Mit rund 35 Ausstellungen wollen die Rencontres d’Arles vom 29. Juni bis September trotz Coronarkise zum 51. Mal einen Überblick des zeitgenössischen fotografischen Schaffens bieten.
Nachdem die Rencontres d’Arles im Jahr 2019 ihr 50-jähriges Bestehen gefeiert haben, sind die Organisatoren derzeit optimistisch, dass es im Juli die 51. Ausgabe des Festivals geben wird, auch wenn angesichts der Coronakrise zumindest leise Zweifel angebracht wären.
Sam Stourdzé, seit 2014 Festival Direktor, ist in diesem Jahr letztmals für das Programm verantwortlich, bevor er seiner Berufung zum Leiter der Französischen Akademie der Villa Medici in Rom folgen wird. In den letzten sechs Jahren hat er den Dialog zwischen Fotografie und zeitgenössischer Kunst, Musik, Kino und Literatur gefördert und damit immer mehr Menschen in die Ausstellungen gelockt.
Als übergeordnetes Thema einer letzten Rencontres hat Stourdzé in diesem Jahr den Begriff “Widerstand” gewählt: „Denn es gibt eine Fotografie, die Widerstand leistet, aufsteht, sich widersetzt, anprangert, befreit, neu spielt, neu erfindet und neu verzaubert”, so der Festival-Direktor.

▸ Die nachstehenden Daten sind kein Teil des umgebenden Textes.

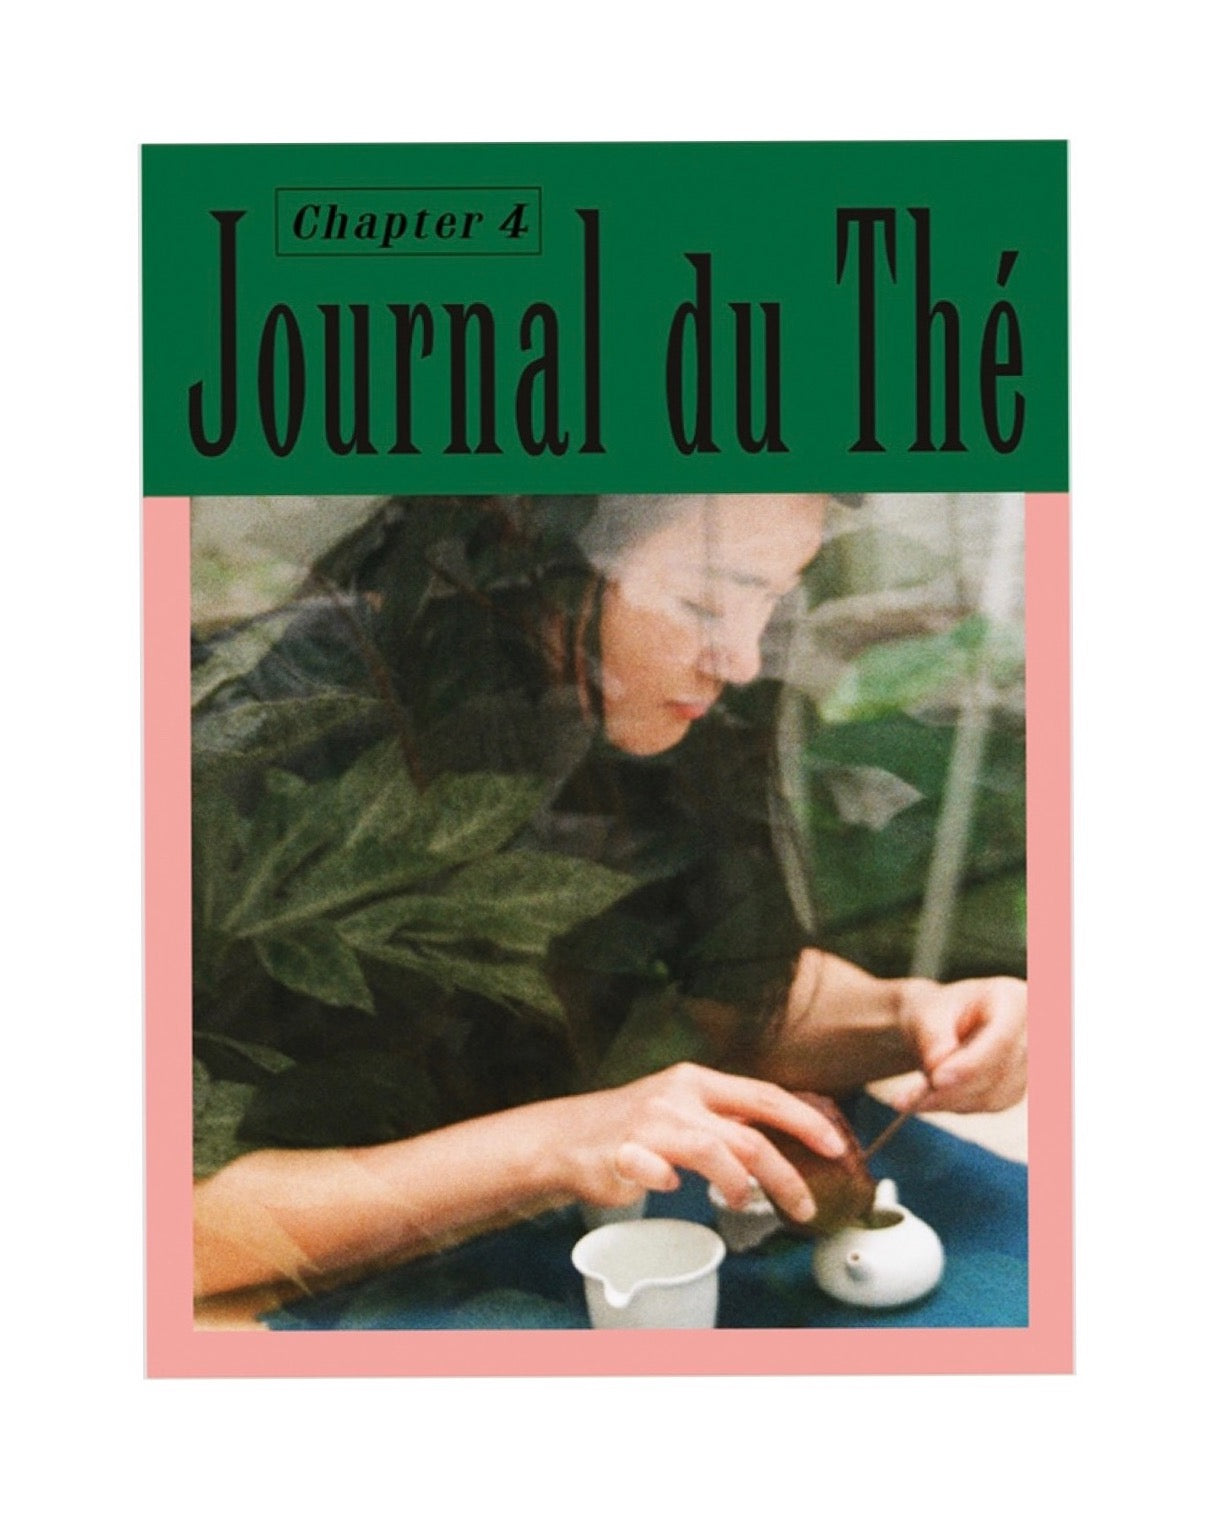 Journal du Thé Publication

Auf dem Programm steht unter anderem Charlotte Perriand, eine Architektin, die an ein besseres Zusammenleben glaubte und sich der Fotografie bediente, um ihren Standpunkt zu verdeutlichen. Ihre Sammlung wird in Arles erstmals der Öffentlichkeit in großem Umfang präsentiert.
Ebenfalls zu sehen: Chow und Lins zeitgenössische Arbeiten über Armut – ein Treffen zwischen einem Ökonomen und einem Fotografen mit unterschiedlichen geographischen und historischen Standpunkten.
Die Kuratorin Justinien Tribillon und das Offshore Studio (Isabel Seiffert und Christoph Miler) nehmen mit der Ausstellung „Infrastruktur“ eine Neubewertung vor, in der sieben junge Fotografen die Relevanz unserer Vermögensindikatoren in Frage stellen.
Aber das diesjährige Festival lässt auch Raum für Träume, vor allem in Katrien De Blauwers zarten Collagen, und die Bilder heraufbeschwören wie die von Raymond Cauchetier.
Dieses Jahr feiert der Fotograf seinen 100. Geburtstag, indem er die Türen seines Archivs öffnet. Im Jahr 1959 verewigte er Godards Meisterwerk Atemlos und fotografierte Stars wie Jean-Paul Belmondo und Jean Seberg. Sam Stourdzé: “Das Nachkriegs-Frankreich boomte, produzierte und konsumierte, keine Fragen wurden gestellt. Das Fernsehen war noch nicht in die Haushalte eingedrungen, und um mit der steigenden Nachfrage nach billigen, illustrierten Publikationen Schritt zu halten, fotografierte Cauchetier in zügigem Tempo Fotoromane. Aus Italien importiert, fesselten diese kurzen Geschichten, die wie ein Film in Dutzende von Standbildern zerlegt wurden, jede Woche Millionen von Lesern”, so der Film-affine Kurator.
Arles ist aber nicht nur eine Reise durch die Zeit, in diesem Jahr lüften die Rencontres außerdem den Schleier zweier wenig bekannter Orte: Nordkorea und Sudan, von denen wir kaum Bilder haben und keine Fotografen kennen. Nordkorea ist sicherlich das am meisten verschlossene Land der Welt, doch der in Arles in diesem Jahr zu sehende Fotograf Stéphan Gladieu war seit 2017 fünf Mal dort.
Der Sudan hat sich gerade nach einer 30-jährigen Diktatur geöffnet und die Pressefreiheit wieder hergestellt. In Arles werden acht Fotografen ausgestellt, die mit ihren Bildern diese Revolution dokumentiert haben.
Sam Stourdzé: „In den letzten sechs Jahren mussten wir kämpfen, uns neu erfinden, und dabei trotzdem für einen reibungslosen Ablauf des Festivals sorgen. Aber angetrieben von der Energie eines außergewöhnlichen Teams, dem unermüdlichen Enthusiasmus der Künstler und der außergewöhnlichen Unterstützung des Publikums, war die Organisation der Rencontres jeden Tag eine Quelle der Freude. Ich verlasse Sie schweren Herzens.”